Results of the tests :
Test 1 (default hardware), done in 4373819 cycles
Test 2 (parallelism attempt), done in 4584532 cycles
Test 3 (attempt with another algo), done in 4583756 cycles
Test 4, done in 12 cycles
Test 5, done in 12 cycles
Test 6, done in 12 cycles
Test 7, done in 12 cycles
Test 8, done in 12 cycles
Press ENTER to quit...
[attachment deleted by admin]
Hutch,
First time back to this board after several years. During those years, I have been doing a great deal of work to achieve maximum performance out of multi-core CPUs. The conclusion over and over again, is to minimize interaction between CPUs by keeping them in fully occupied in separate memory to the greatest extent possible. Sychronizing threads is necessary for logic, but a killer on performance. So initializing data in a separate thread could really only benefit performance if you really have something else to do in the mean time, and often enough to make a difference. Minimizing the rate of bus-locked instructions by making them unnecessary with better logic--this is the goal.
I am glad to see this site is still active.
Quote from: hutch-- on April 21, 2008, 10:21:31 AM
You have two APIs SuspendThread() and resumeThread() that would be useful to turn a thread on and off but I have not yet seen a fast signalling process so a master process can signal a slave thread to do something.

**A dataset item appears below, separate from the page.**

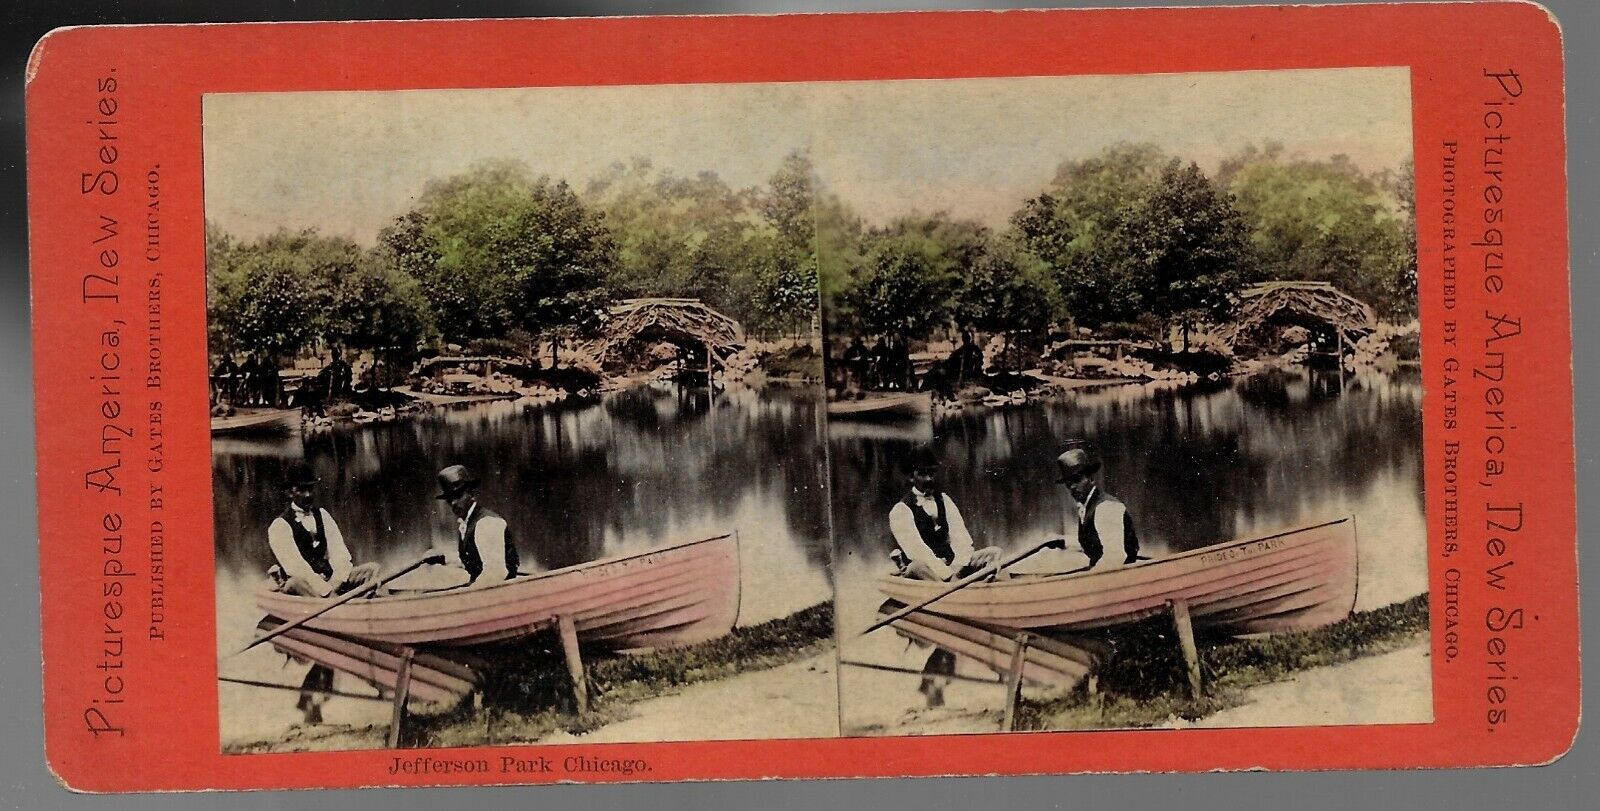 Jefferson Park Chicago - Pride of the Park Row Boat Color Photo Stereoview

using events might do the trick, or a mutex?... either way, the delay caused in hopping to the other thread probably kills any possible benefit you might gain for having a seperate proc doing the memfill... even using suspendthread/resumethread...
From what I have seen so far the only place where multithreading seems to offer an advantage is with multiple processes that are reasonably sparse in terms of processor usage. Doing multiple downloads in seperate threads is typical of this capacity.

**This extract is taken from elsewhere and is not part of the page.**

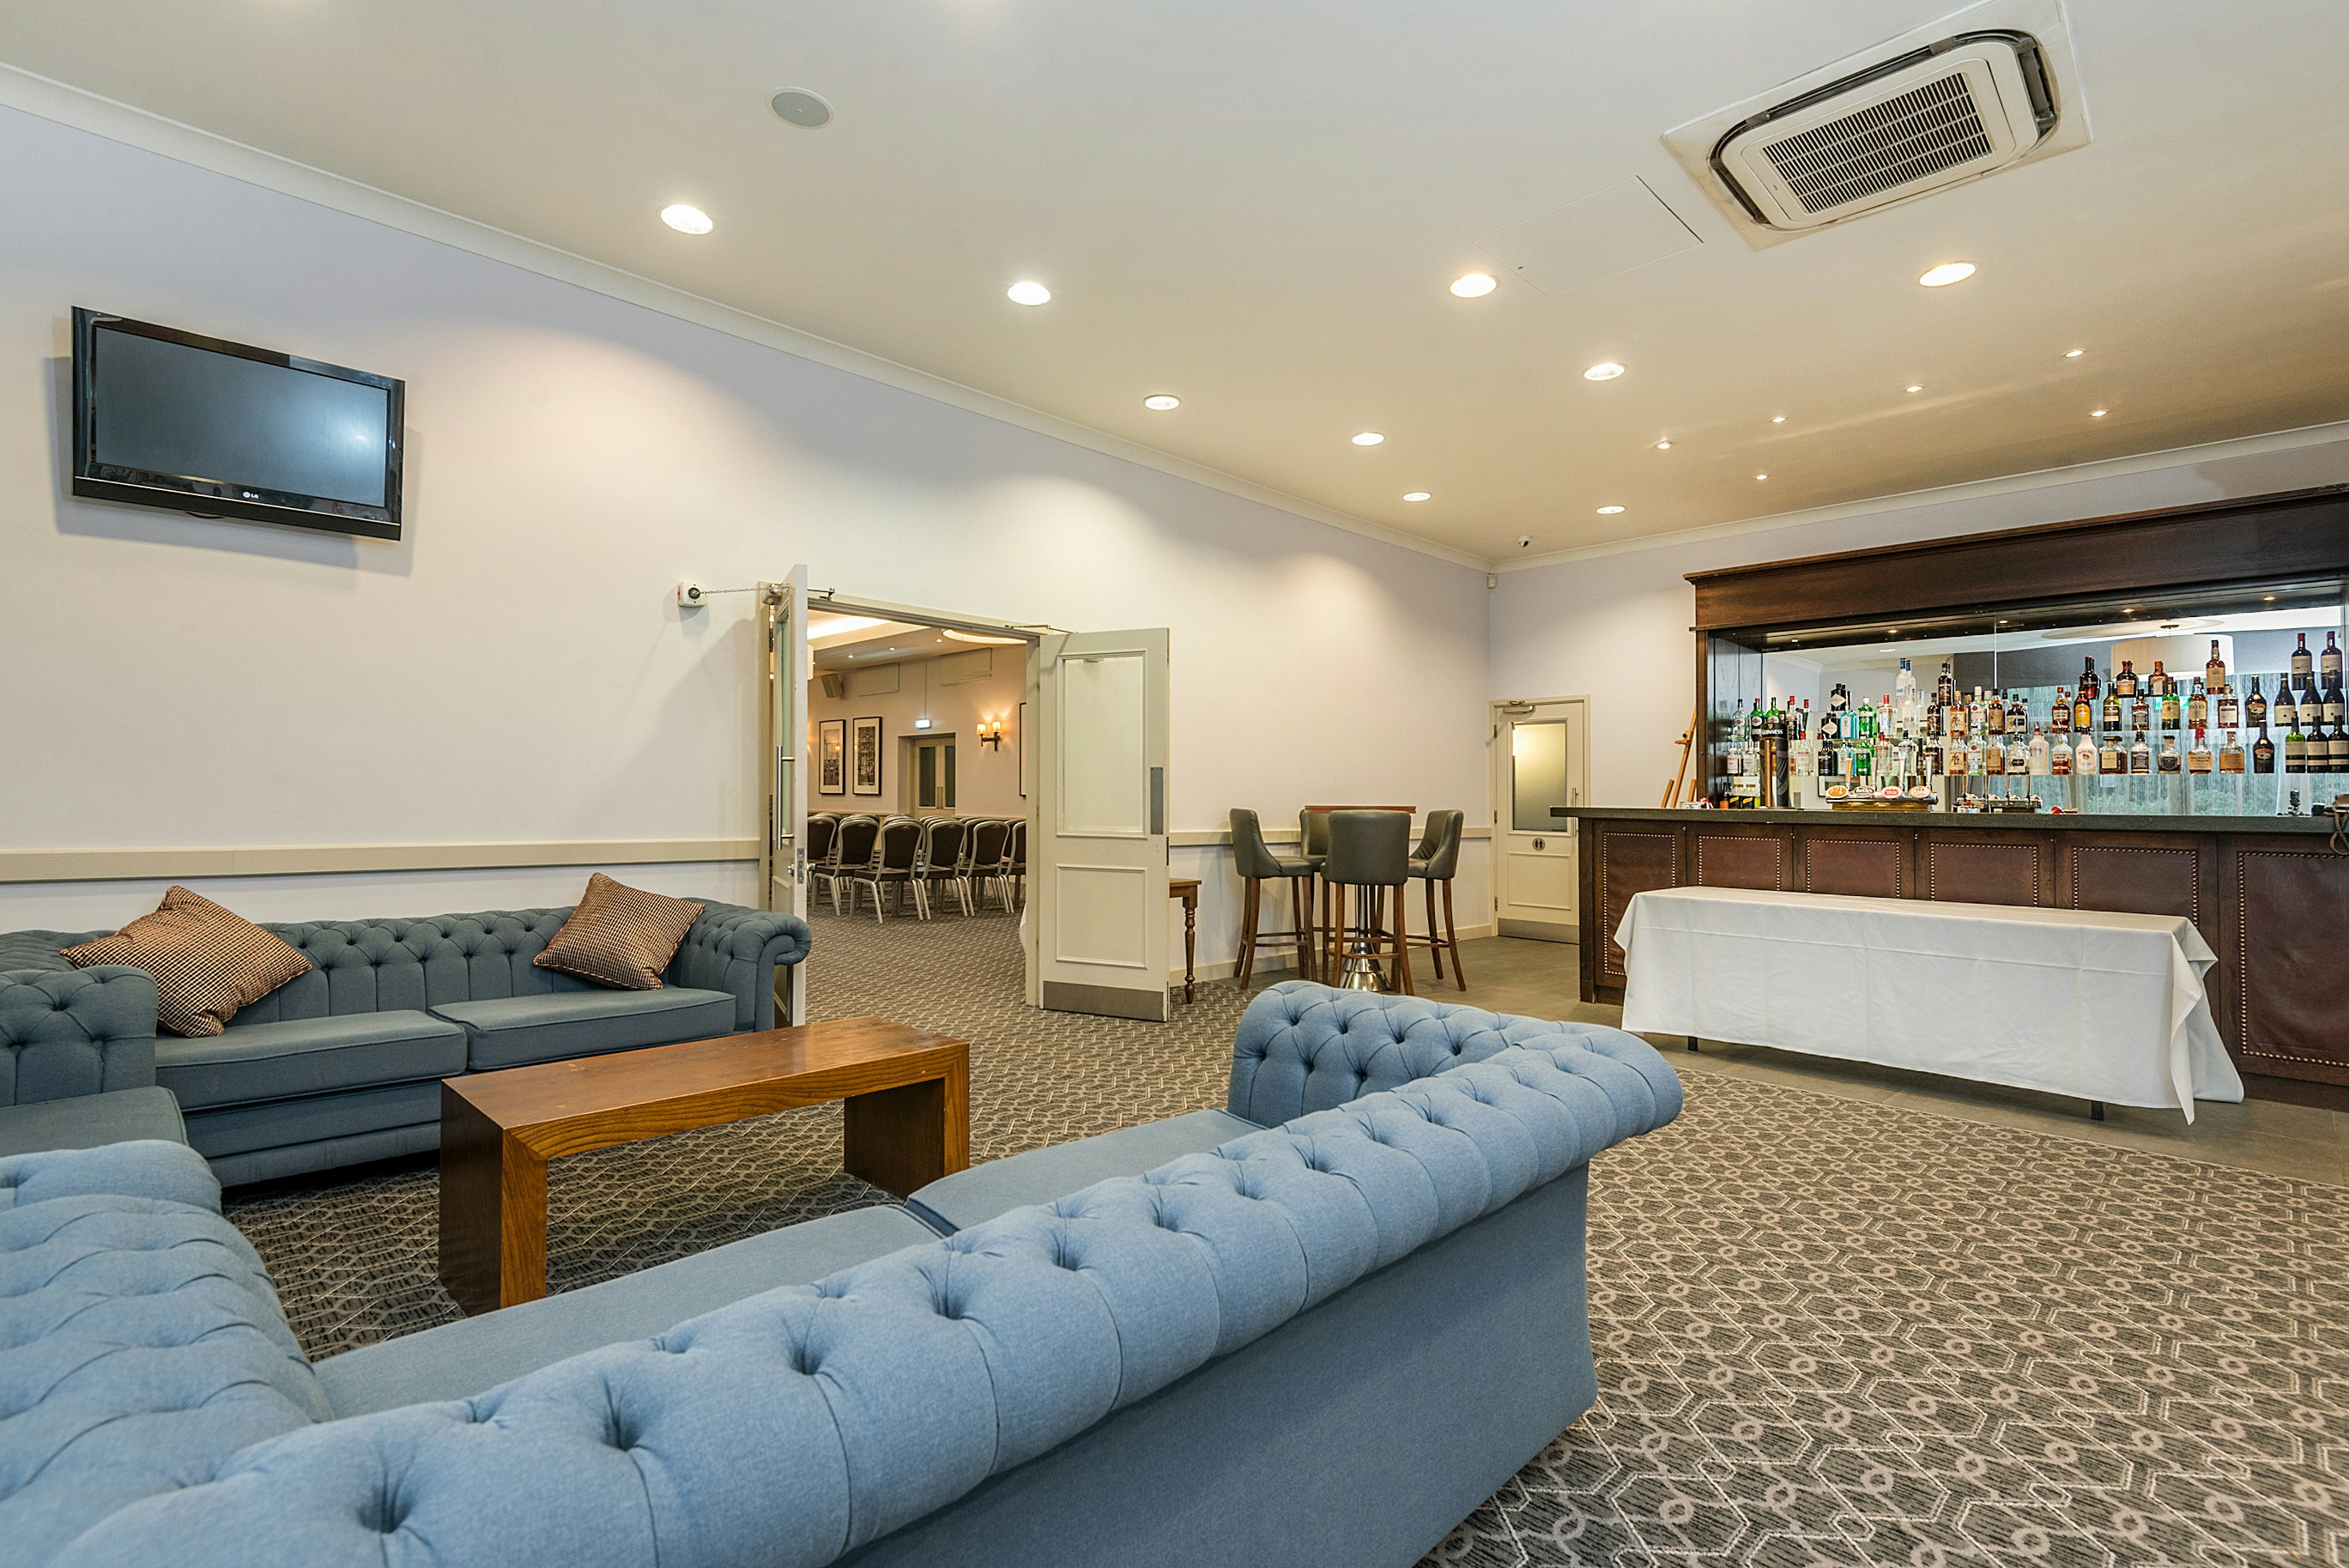 New Place Hotel - Hampshire - The Arden image 5

Now with a memory intensive operation being performed on one core, I get the impression that the other core may not have a completely free access at different memory addresses even if they are far enough apart. I know on a larger scale between two seperate machines if you use very large data sets you don't get any real problem with TCP/IP but mechanisms like this are far too slow to be useful at close range with processor intensive work.
Ideas of this type may have to wait for different hardware with diferent capacity before they can be realised as the current signalling methods between threads is too clunky and too slow to be of any real use.
Hutch,
To use dual CPUs for performance you must (1) set them up to work independently, and (2) balance their loads so that they finish at the same time. Of course (1) makes (2) difficult and elusive. If they don't finish at the same time, you're back to single-processor performance for the remainder of the task--we don't want that.
My solution to this gets the performance equivalent of 1.9 CPUs :dance: (Opteron 170/2800). I pair up two threads, and give them a queue of actions to perform. The threads start from opposite ends of the queue, working their way toward the middle, so they both finish within one logical action of each other, no matter how uneven the workload is. The beauty of this is that the entire thing is managed by single, lock-free counter (of remaining actions). The first thread to finish gets a count=0, the 2nd thread finishes with count=-1. The only processor contention is on the counter, and none on the queue.
Forget about calling system thread scheduling functions for managing anything resembling fine-grained computation, because they consume far too many clock cycles to be viable. You must observe (1) and (2) if you want dual-processor performance from your own code. The way you are doing it works fine, as long as you can tolerate the initial 6-8 microsecs of thread startup latency :eek.
There is a fundamental principle at work with broad relevance here: Giving your synchronous duties away to asynchonous entities buys you a lot of waiting around.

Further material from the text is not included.